What you need to do: Below are entries. Give back exactly the lines from the one containing "Ein Paragliding Pilot" through the one containing "CASIO Tough Solar", inclusive, without the pictures.

Material for this exercise:
BEGIN
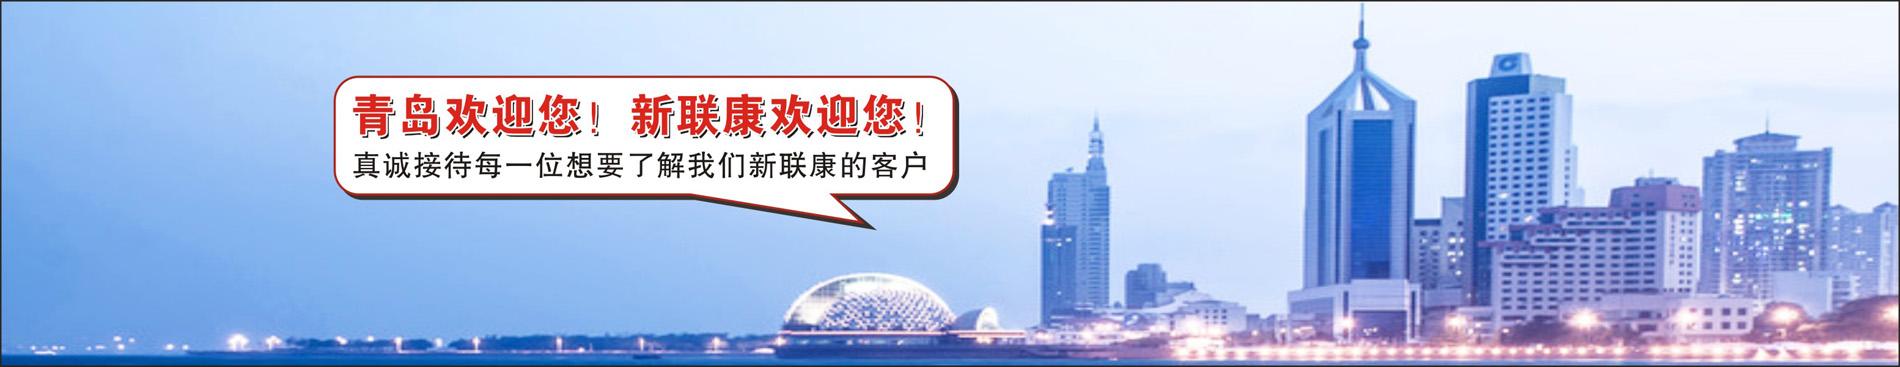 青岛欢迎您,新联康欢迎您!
END
BEGIN
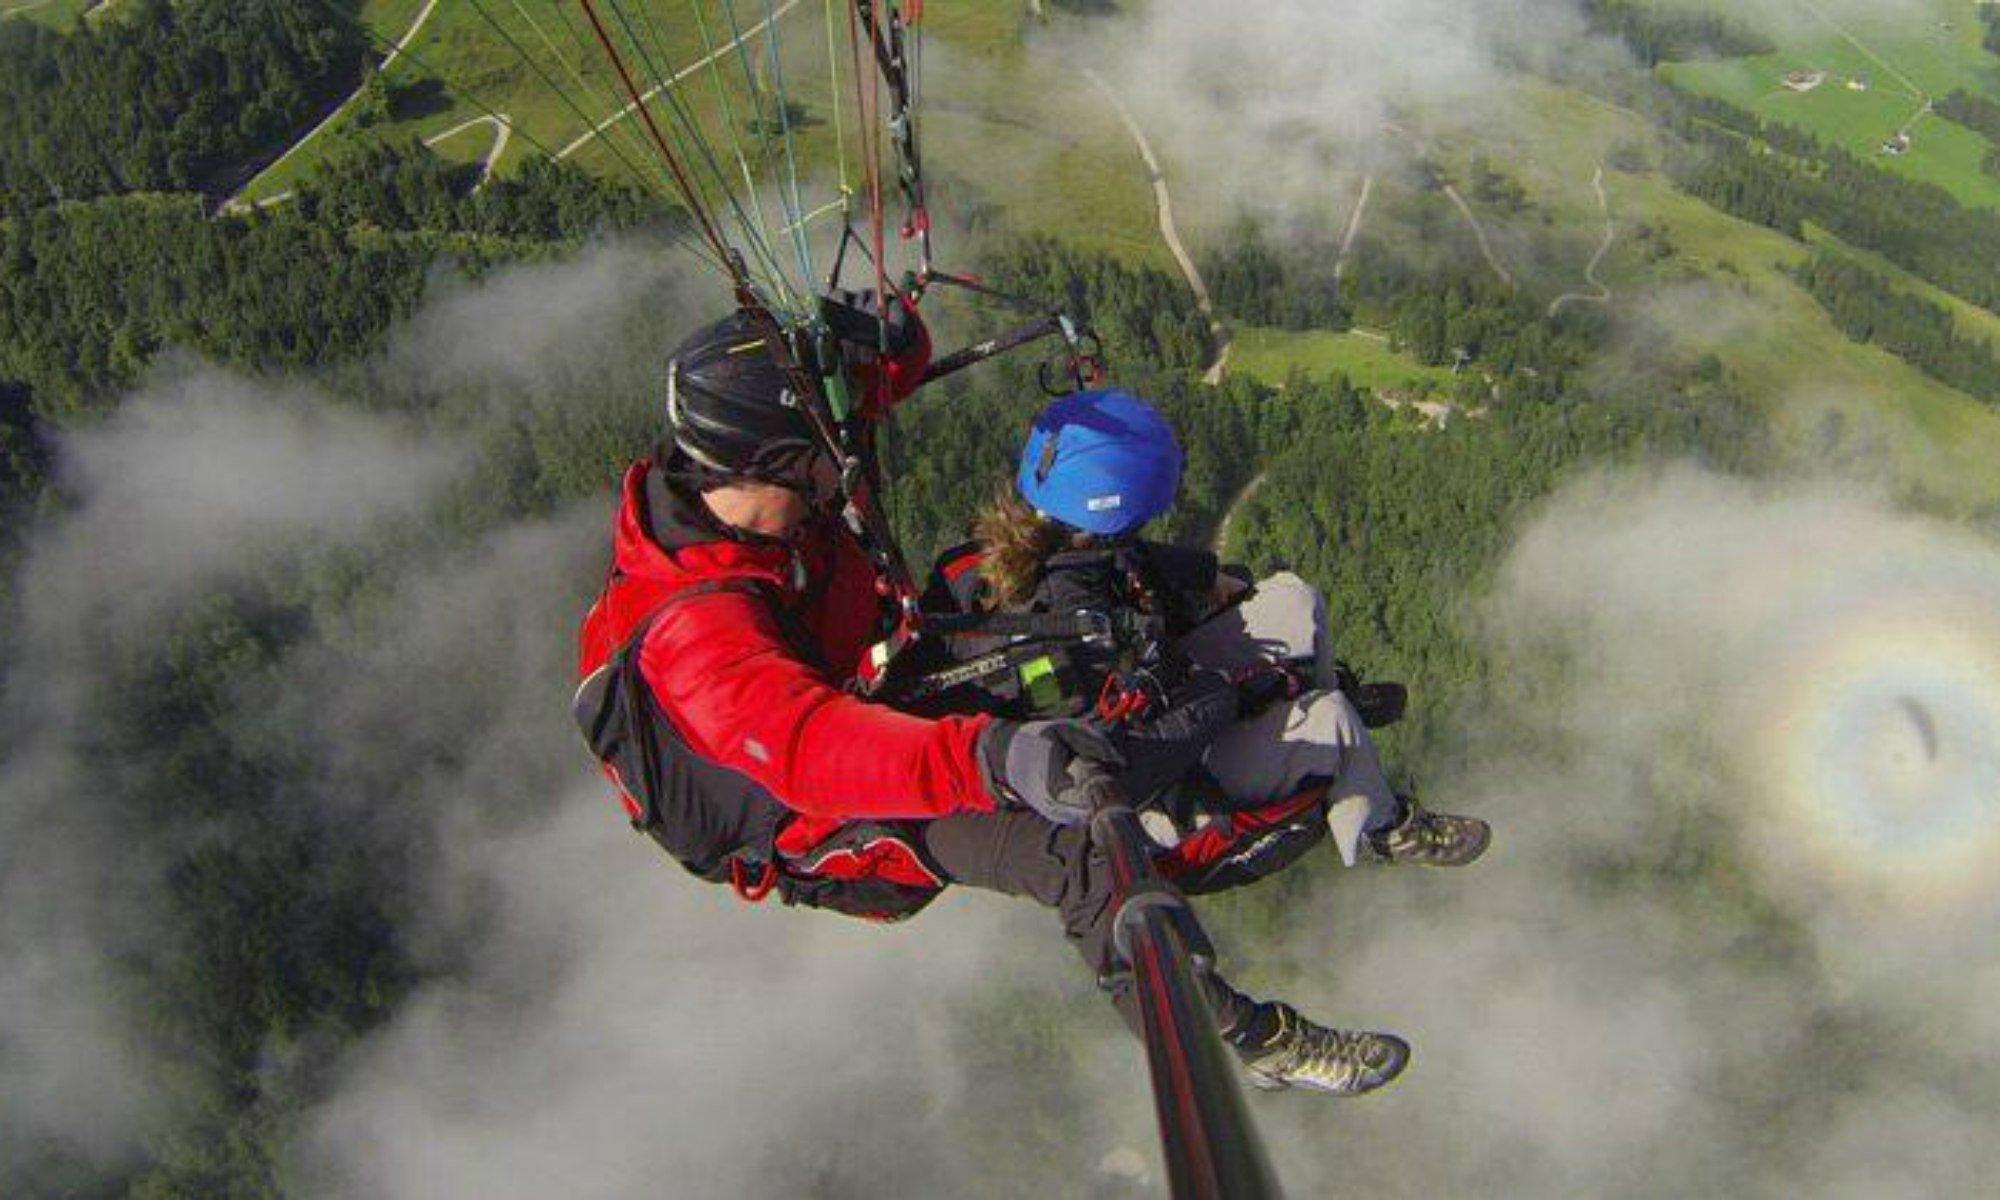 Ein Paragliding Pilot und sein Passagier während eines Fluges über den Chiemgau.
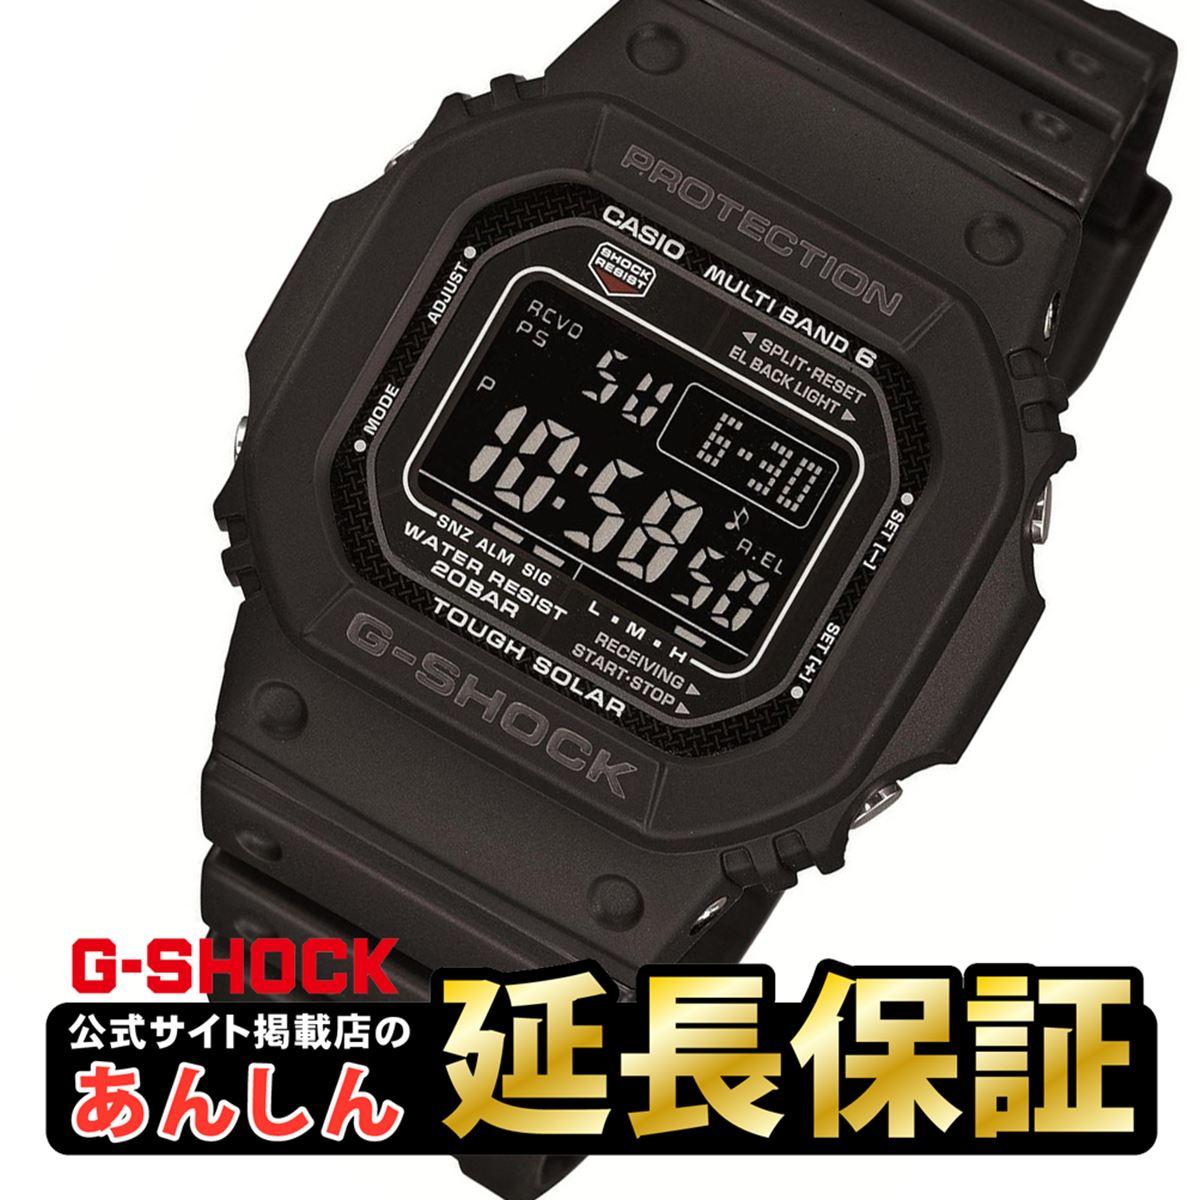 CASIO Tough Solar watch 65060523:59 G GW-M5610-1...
END
BEGIN
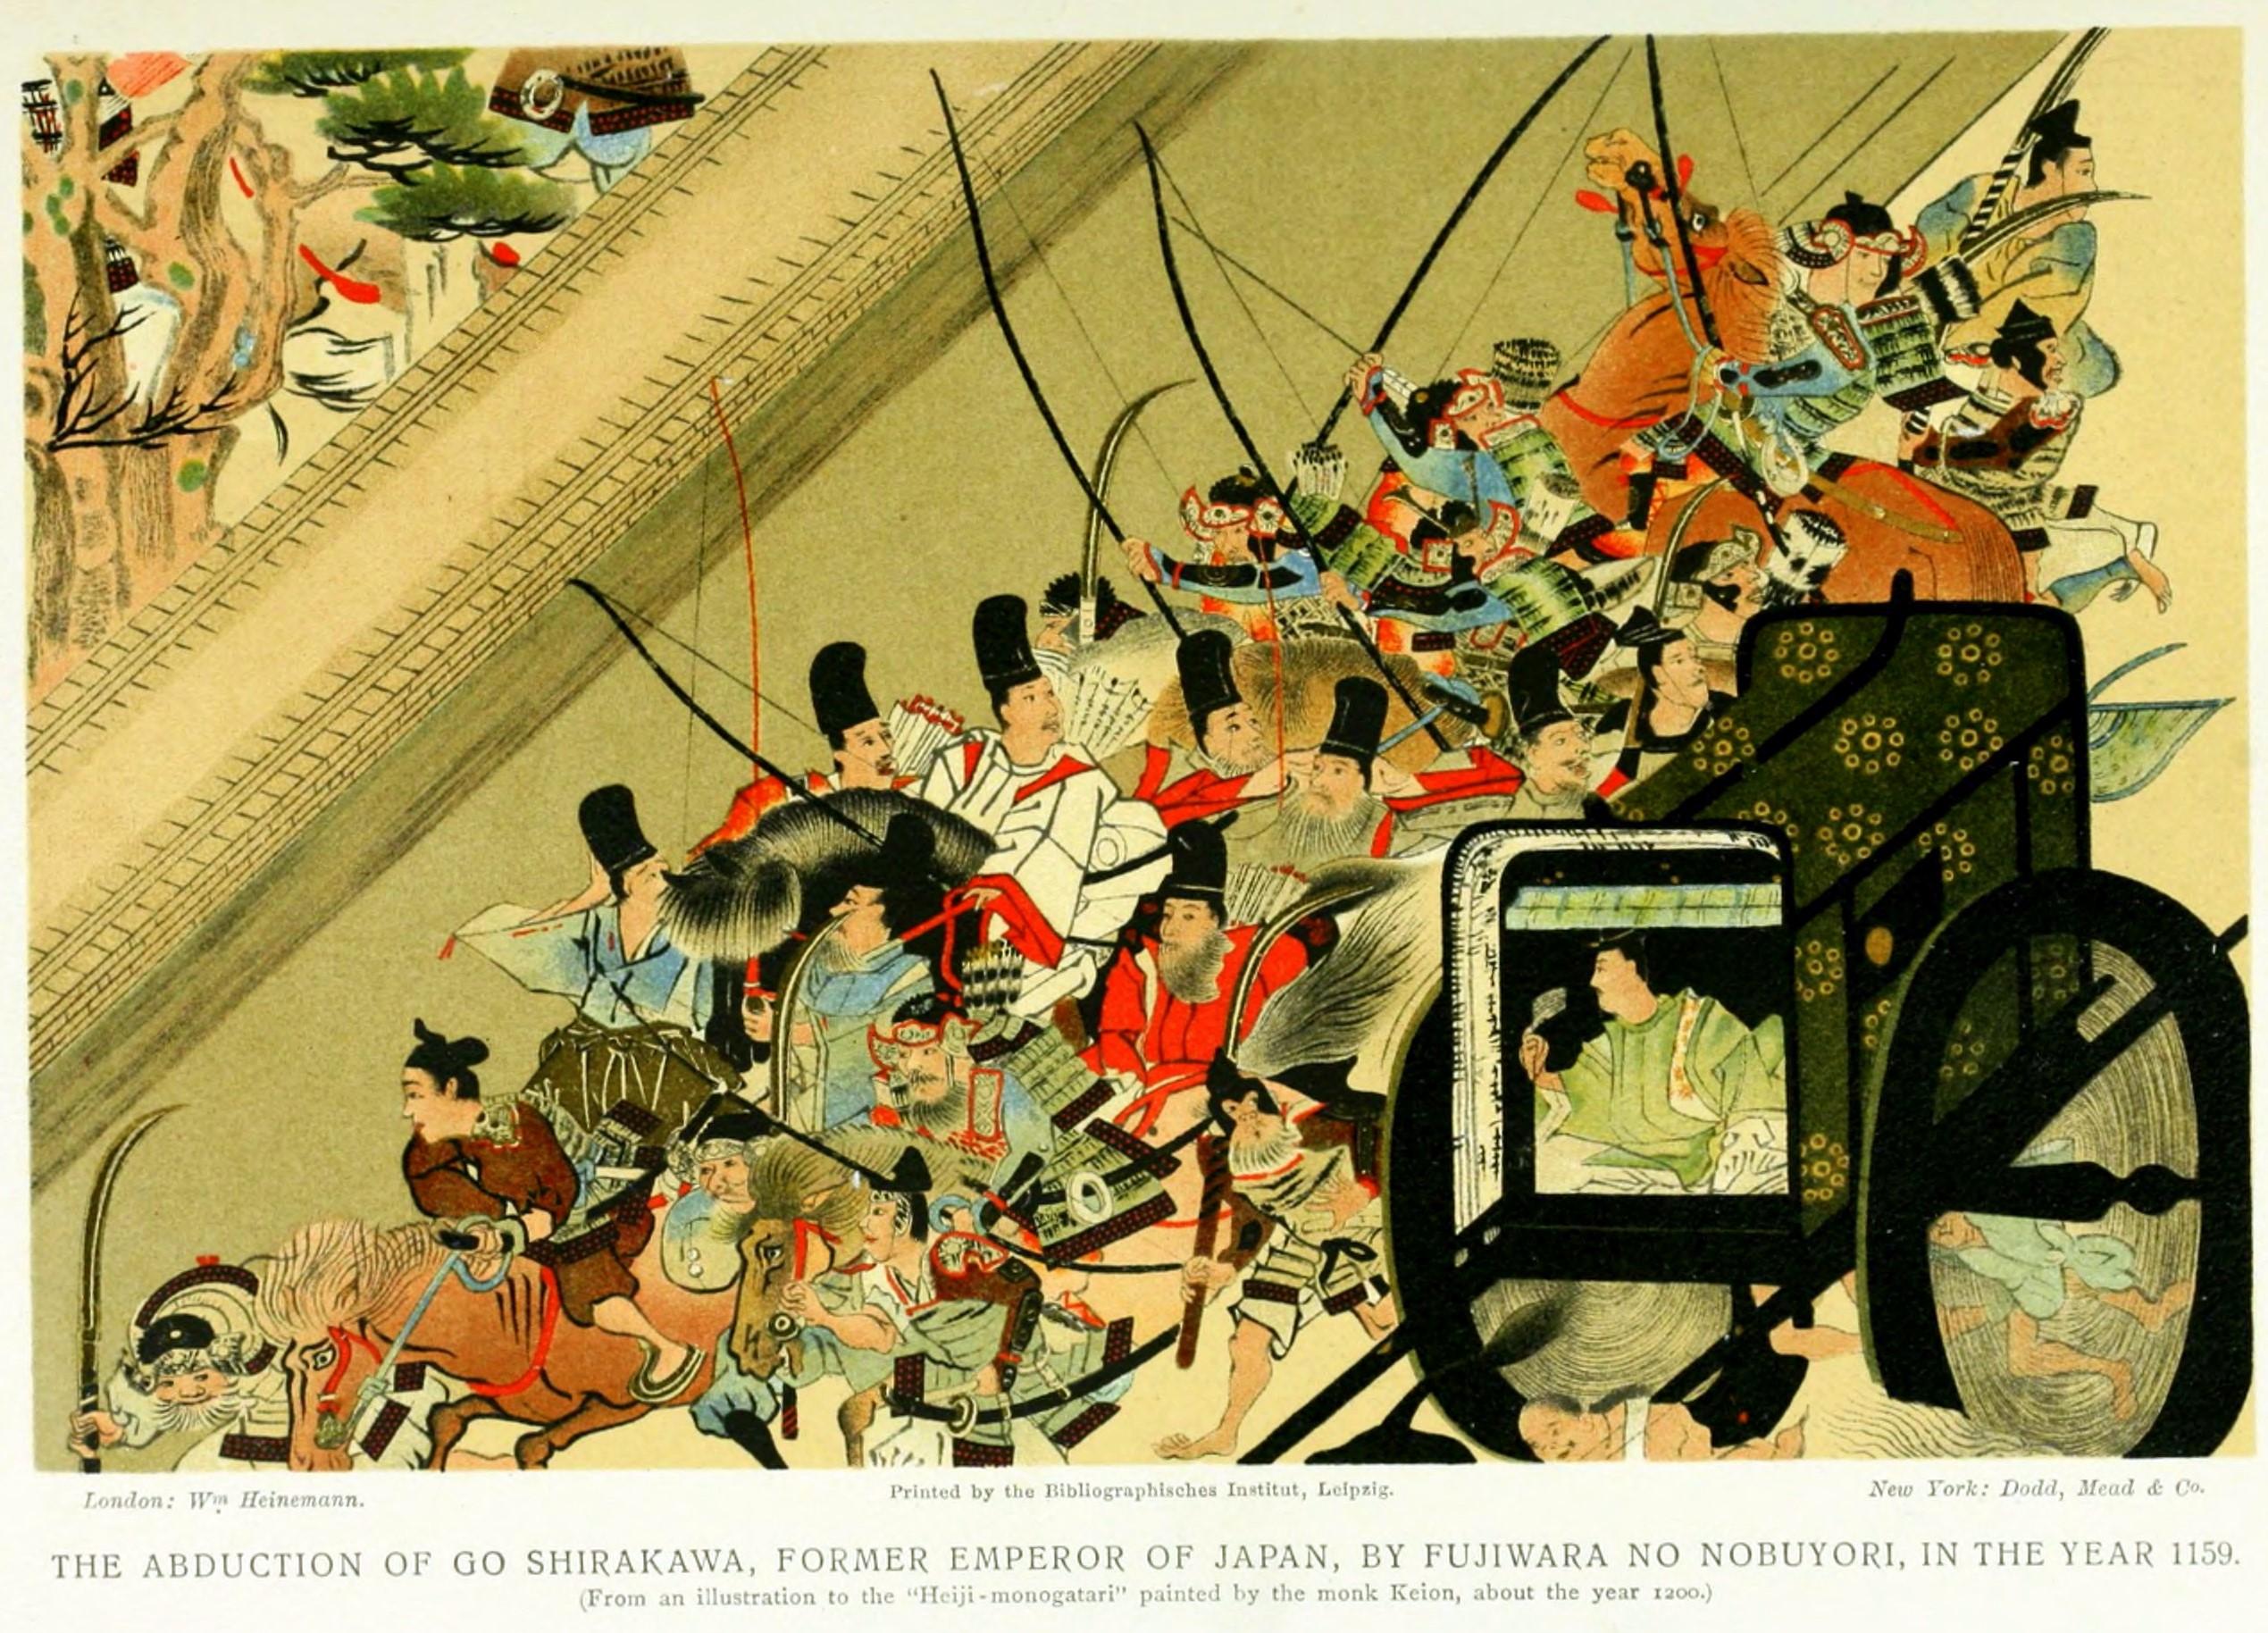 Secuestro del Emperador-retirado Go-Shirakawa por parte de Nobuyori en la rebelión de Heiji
END
Solved exercise:
 Ein Paragliding Pilot und sein Passagier während eines Fluges über den Chiemgau.
 CASIO Tough Solar watch 65060523:59 G GW-M5610-1...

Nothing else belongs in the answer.